Write out the full listing exactly as given, minus the images.

◆ THE DATA ◆

----------------

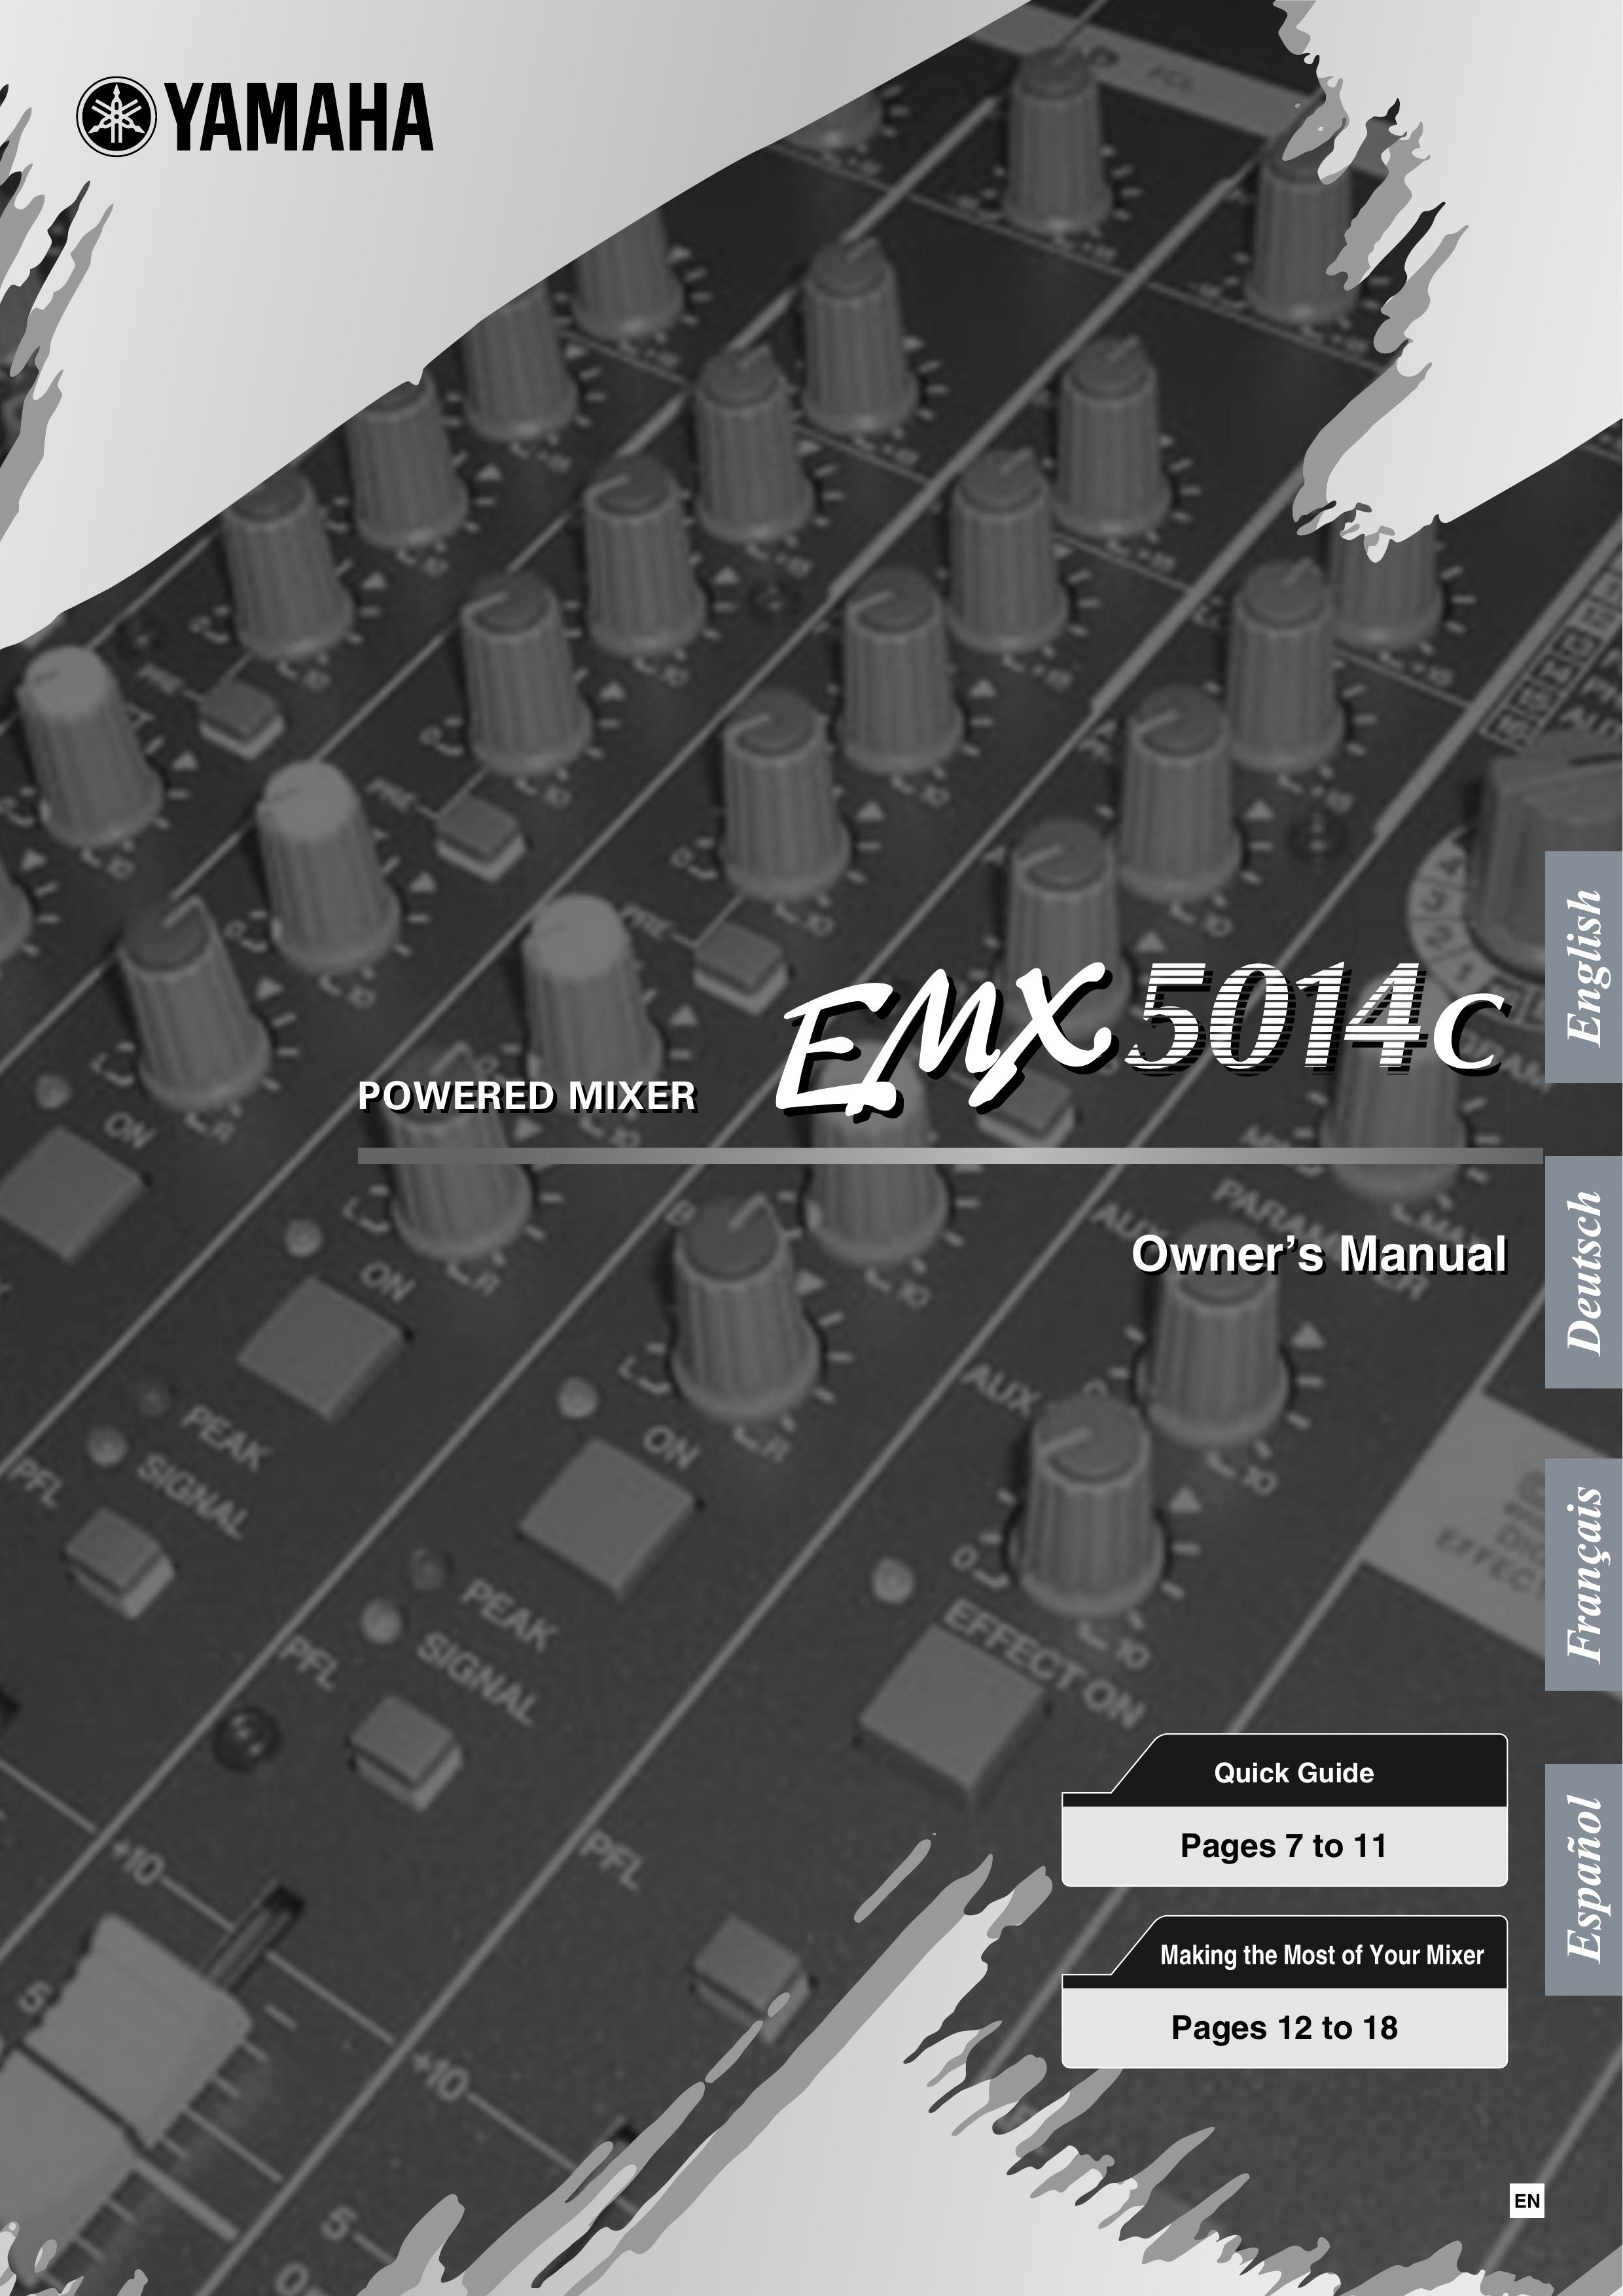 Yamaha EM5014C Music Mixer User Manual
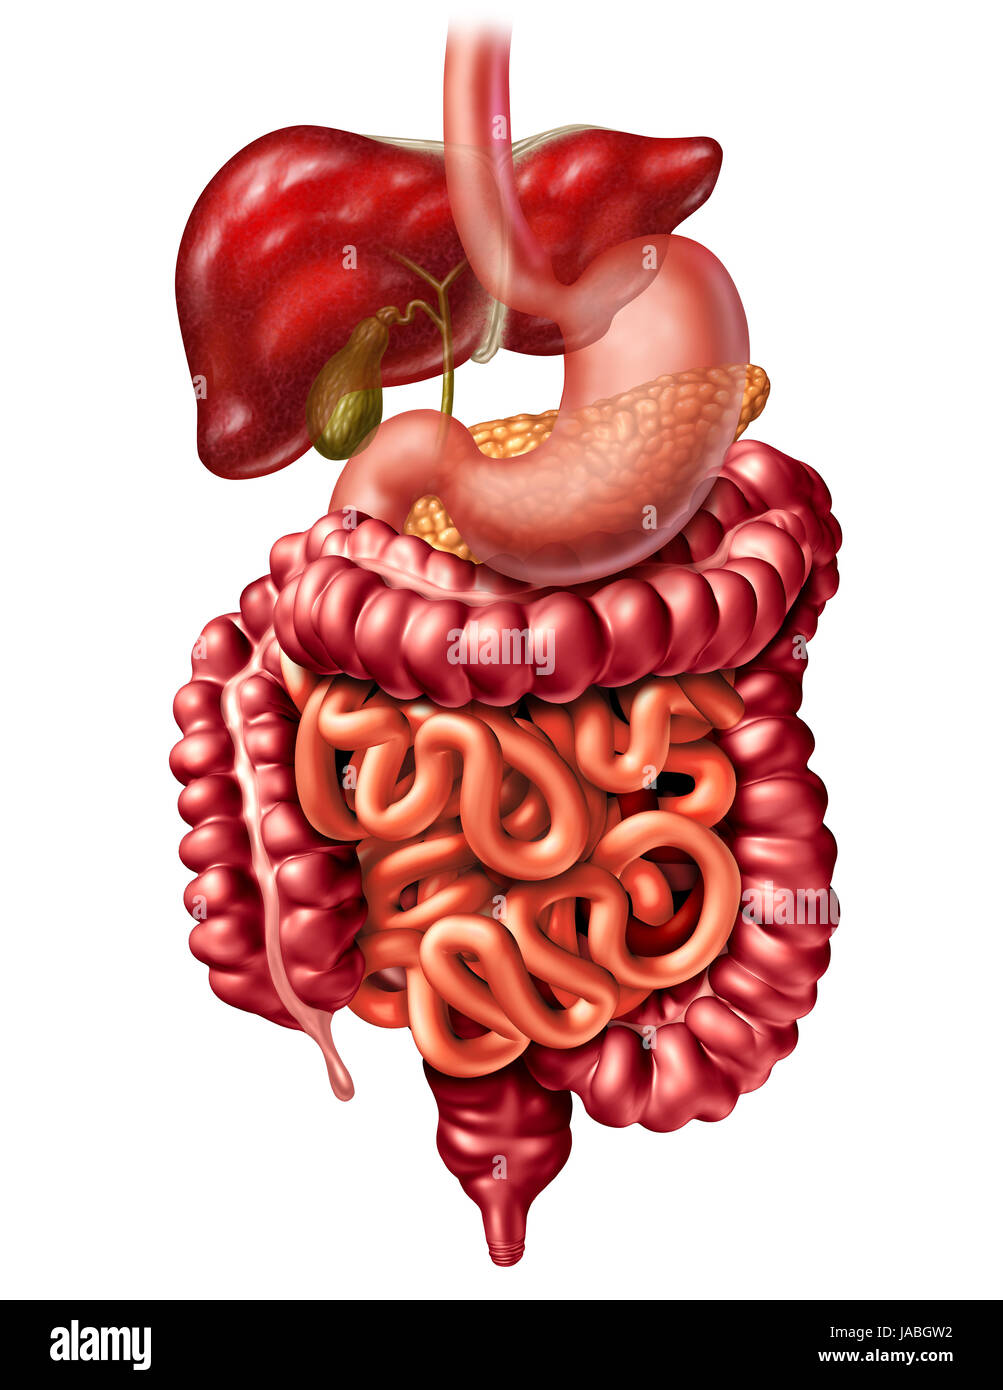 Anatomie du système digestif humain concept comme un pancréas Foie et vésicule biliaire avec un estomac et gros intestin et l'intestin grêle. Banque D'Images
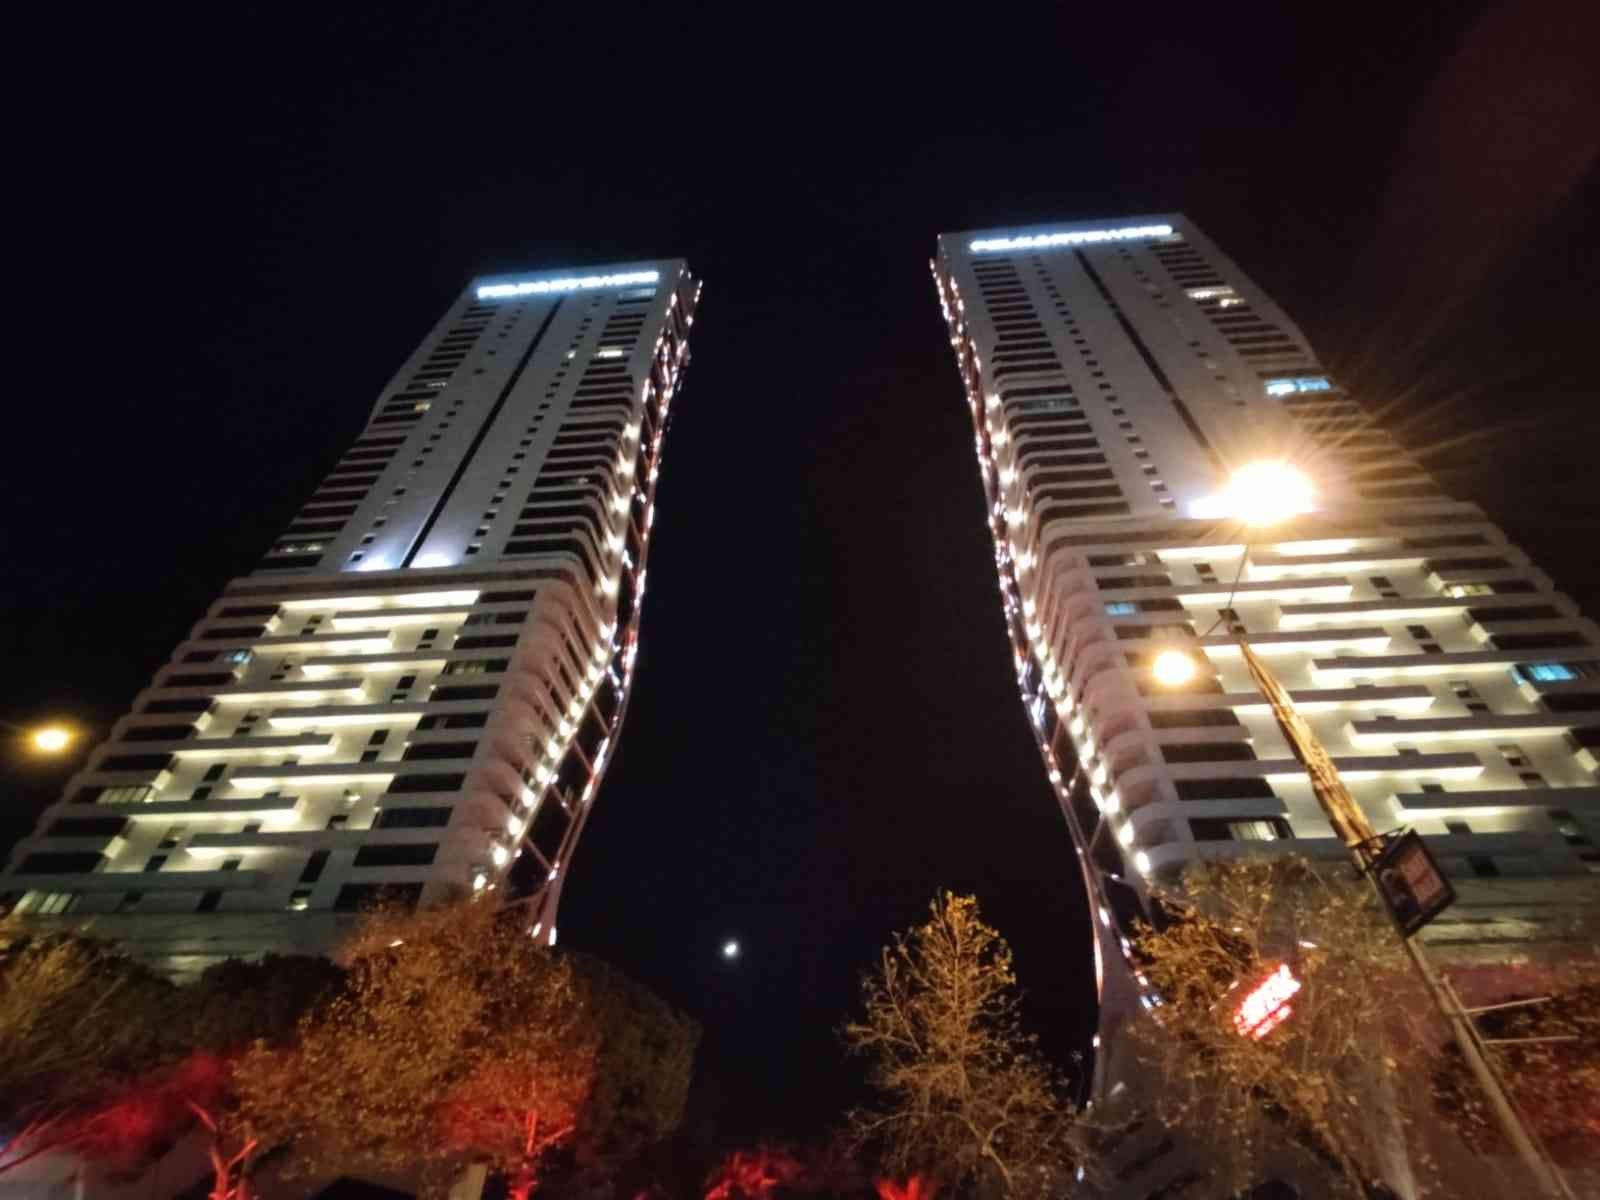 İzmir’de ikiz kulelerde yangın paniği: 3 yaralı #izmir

----------------

◆ RESPONSE TO THIS TASK ◆
 Yamaha EM5014C Music Mixer User Manual
 Anatomie du système digestif humain concept comme un pancréas Foie et vésicule biliaire avec un estomac et gros intestin et l'intestin grêle. Banque D'Images
 İzmir’de ikiz kulelerde yangın paniği: 3 yaralı #izmir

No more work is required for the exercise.